Tenemos que hablar de Kevin cuenta una historia muy similar, en la que una mujer no consigue establecer lazos con su hijo. Desde pequeño, éste le lanza toda su rabia concentrada, mientras parece comportarse de manera más o menos normal con el resto del mundo. La diferencia respecto al relato de Wallace es que el cine nos da muchos más datos, es capaz de ofrecer más argumentos para decantar la ambigüedad hacia un lado (¿tiene razón y su hijo es un nuevo Damien?) o a otro (¿es una pobre tarada?). Porque el cine tiene la capacidad de enseñar los hechos, de mostrar las imágenes que nos ayuden a decidir. No es lo mismo leer una descripción en primera persona, o incluso de un narrador externo, que ver lo que sucede en los rostros enfrentados de los dos protagonistas. Sí, la mejor literatura puede lograrlo, pero lo audiovisual capta esa cierta realidad incontestable sin esfuerzo. Lo que se mueve en la pantalla tiene una vida propia que se libera, en mayor medida, de lo que se nos pretende contar.

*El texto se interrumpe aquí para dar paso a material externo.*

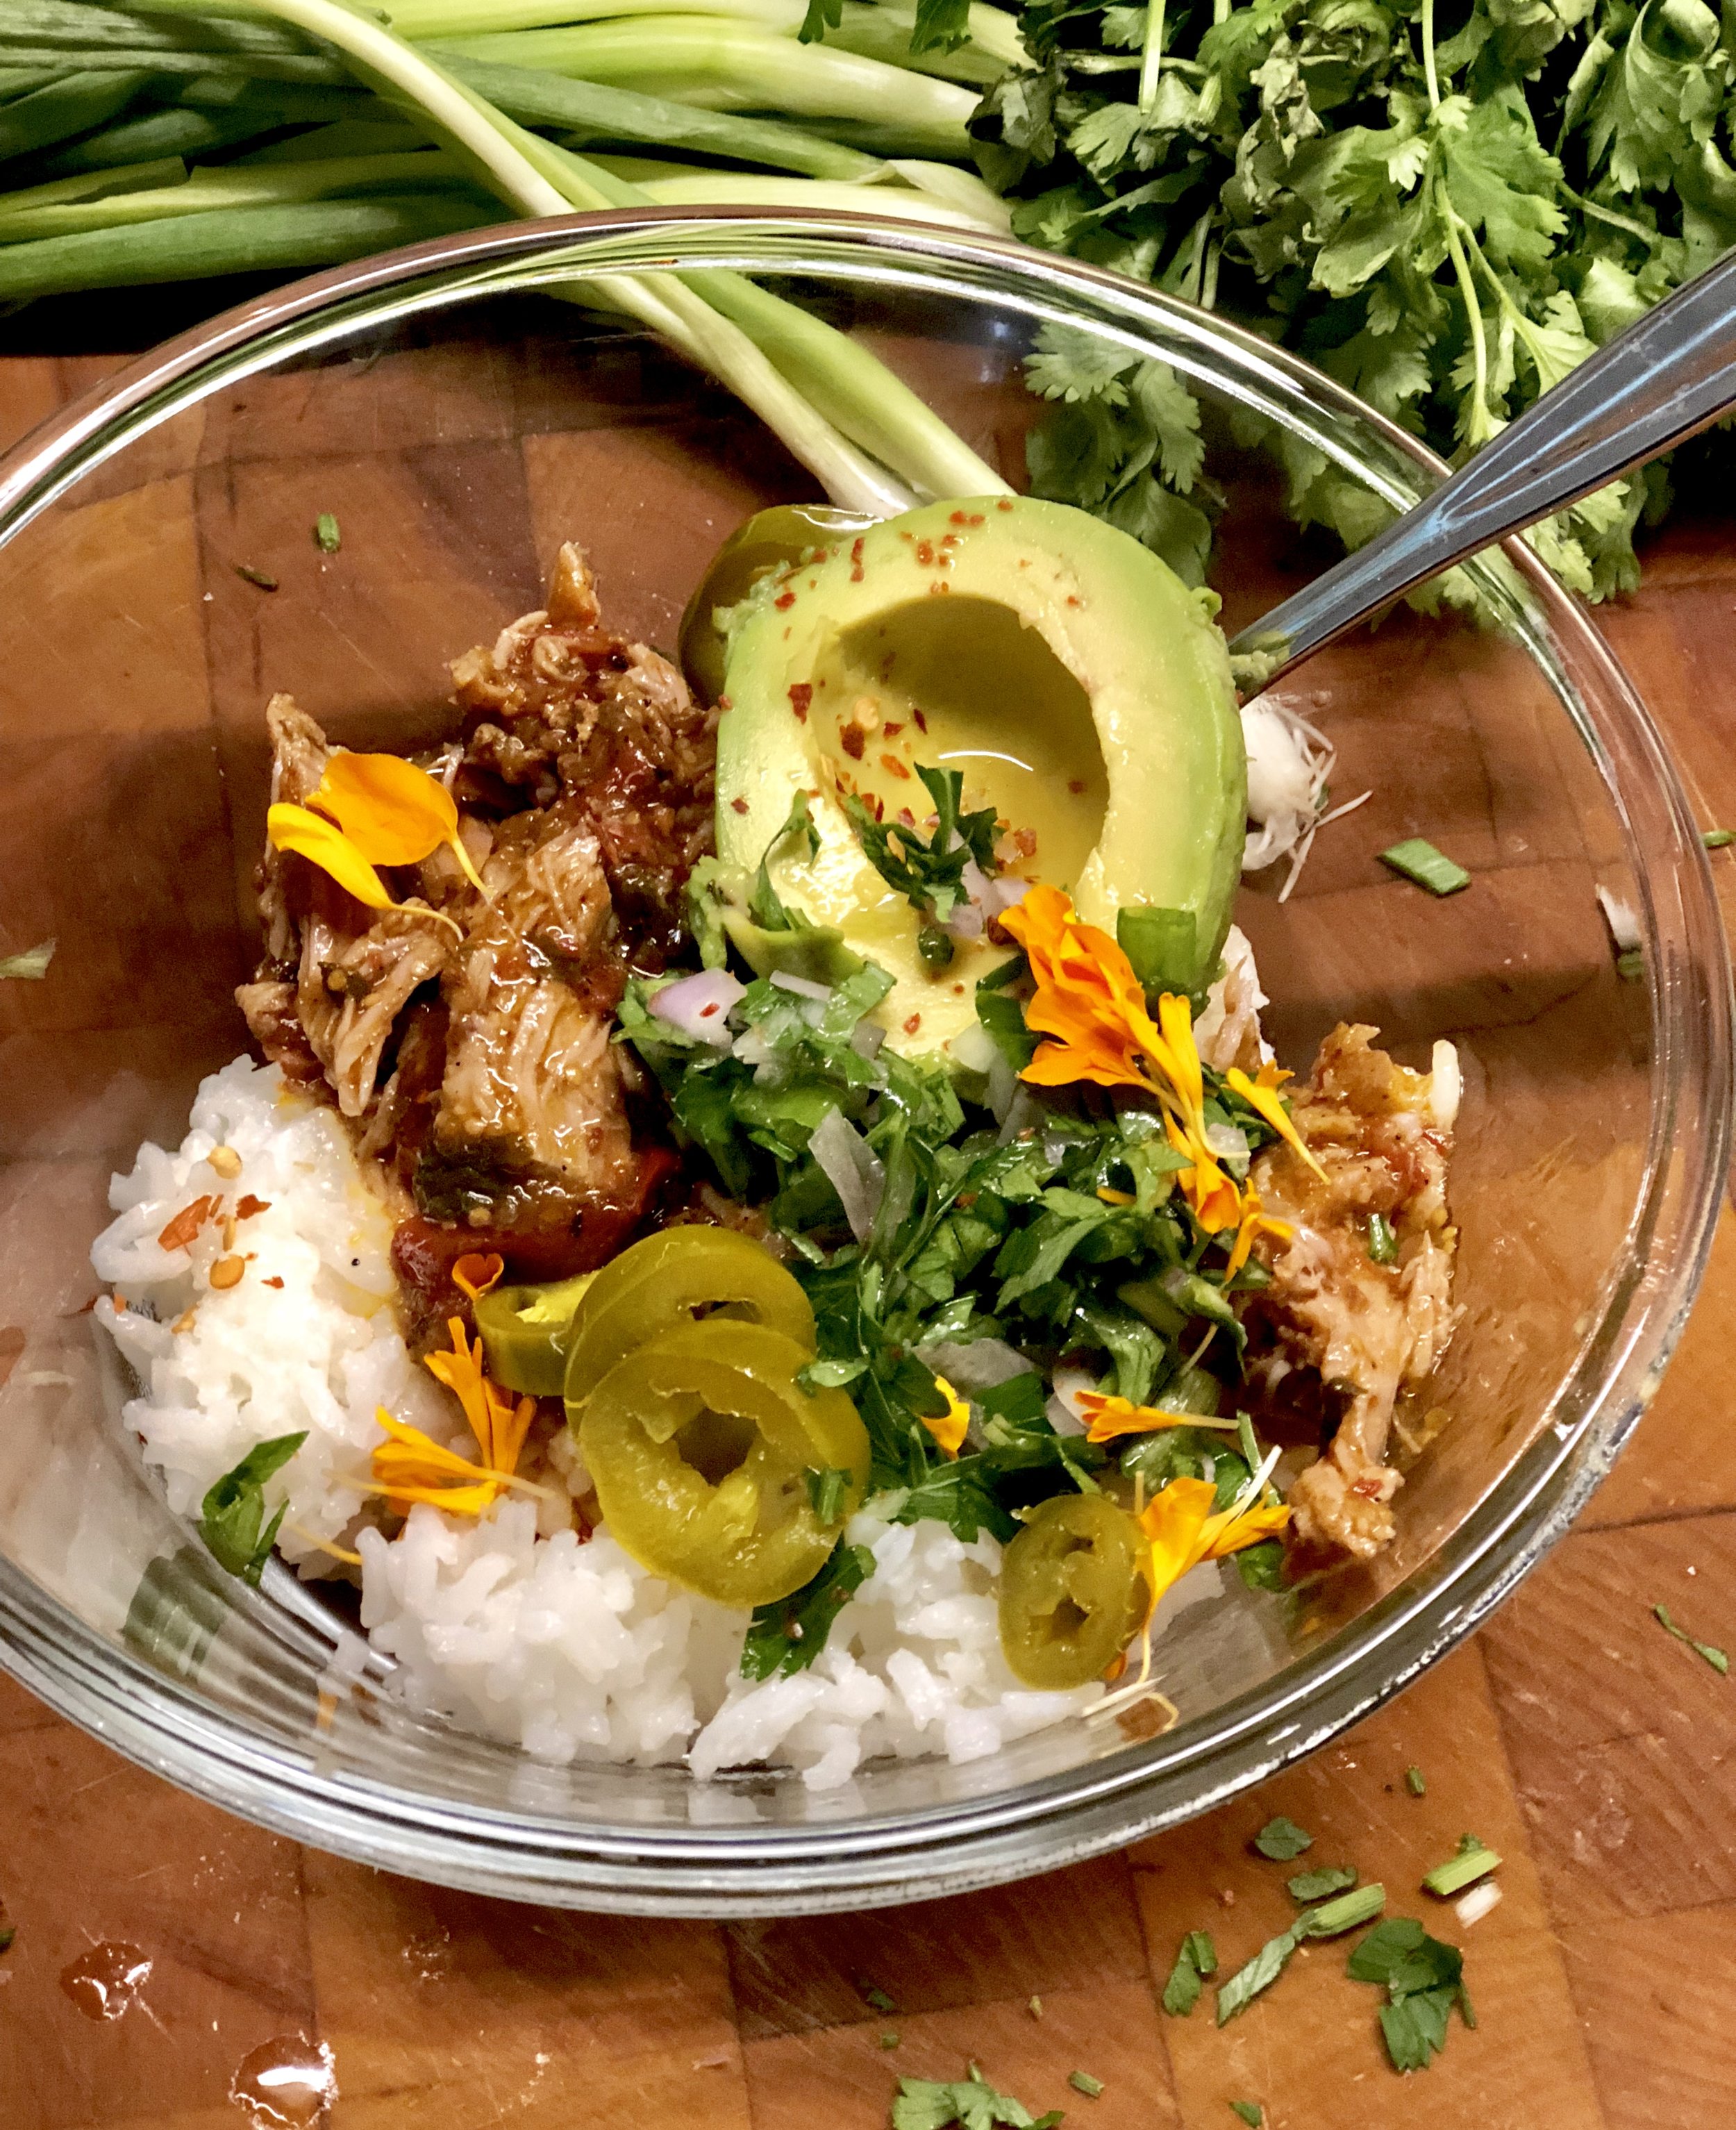 Serve it like this. People can choose the bite they're in the mood for. A bit of rice, a bit of pork. A spoonful of avocado with a bit of jalapeño. Every bite interesting.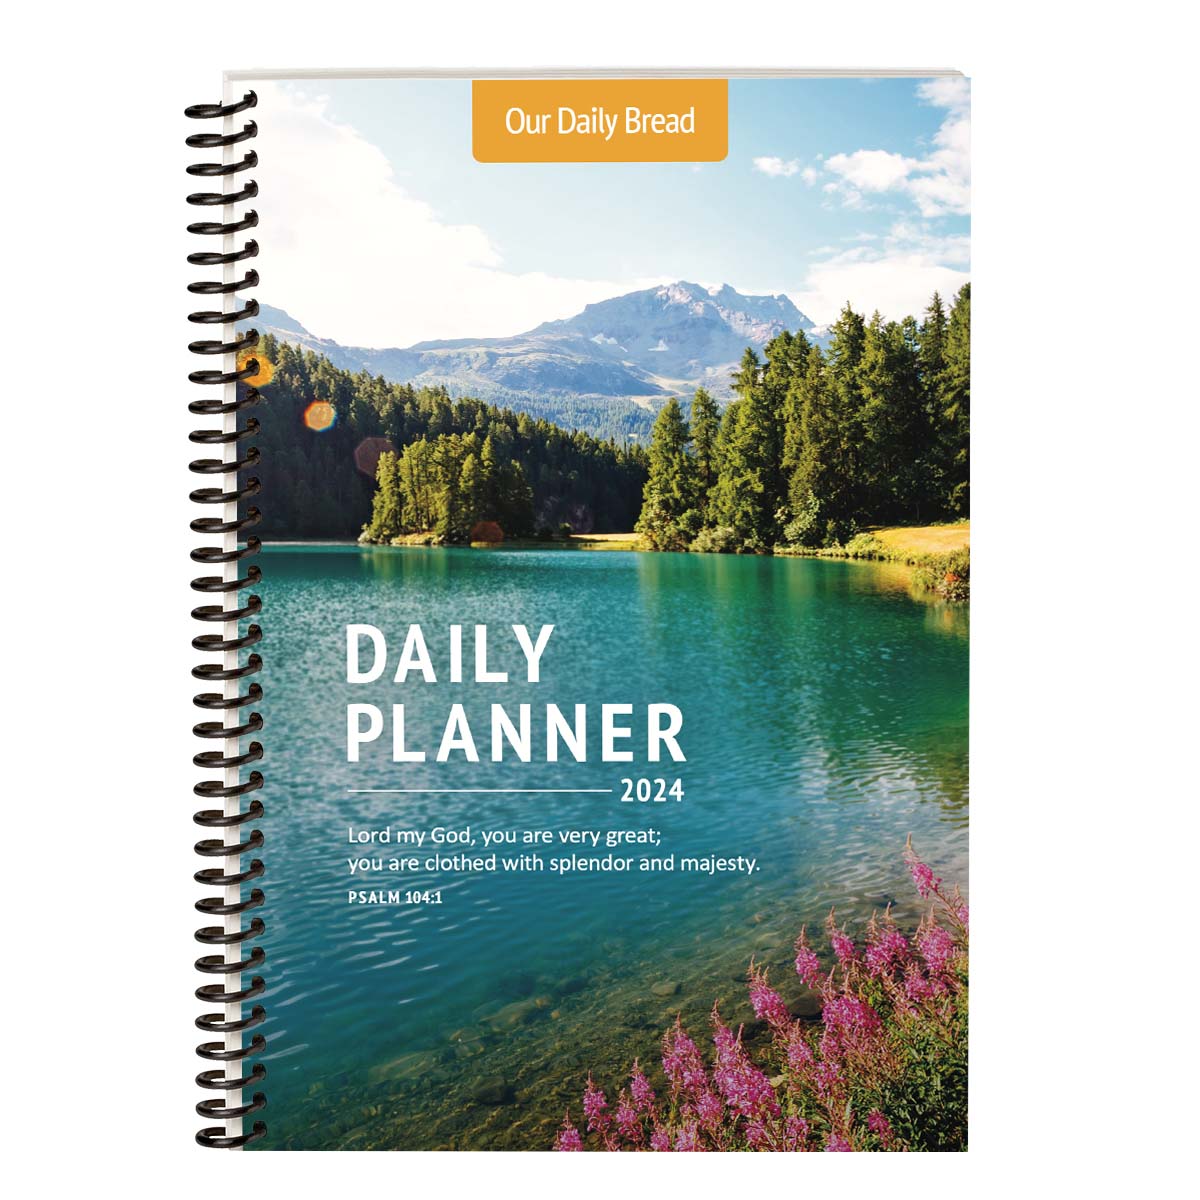 Our Daily Bread 2024 Daily Planner Our Daily Bread Publishing Canada

Ramsay se ejercita a fondo para tratar de manipular lo mostrado, para acomodar nuestra percepción a la de la madre. En un visionado automatizado y completamente acrítico, ¿cómo dudar de que el niño es, efectivamente, un genio del mal y de que ella tiene razón en temerle? Sin embargo, ese visionado no es posible porque no deja de ser evidente que lo que la directora pretende es meterse en la cabeza —en la piel, en su relación directa y física con lo que pasa— del personaje de Tilda Swinton. La directora intenta condicionar nuestra visión de los hechos, no con las trampas baratas habituales sino con un estilo más elaborado, que intenta asimilar y reproducir los mismos mecanismos cognitivos que condicionarían la visión de la madre en la vida real. Es uno de los motivos por los que la narración da constantes saltos temporales, emulando los ecos de la memoria que la madre padece en su interior, dándonos pistas sobre por qué su cabeza funciona como funciona. Esta intención está también tras algunos momentos epifánicos seleccionados porque concentran la personalidad del personaje, porque son los antes y después que pudieron cambiarla decisivamente. Sin embargo, ese ejercicio sólo consigue enseñar que la mujer funciona de determinada manera, no que esos recuerdos o catarsis sean las causas. Aquí no hay psicoanálisis, sino fatalismo. Ella siempre ha sido así y su mundo más profundo no se ha visto alterado por su hijo, por lo que se sugiere que el orden causal de la relación de odio no empieza en él, sino que todo se origina en la permanente amenaza de catástrofe mental que transmite su madre. La mujer es frágil y ser madre no parece haber destruido su cordura, sólo ha sido el catalizador que ha hecho explotar lentamente su terremoto interior.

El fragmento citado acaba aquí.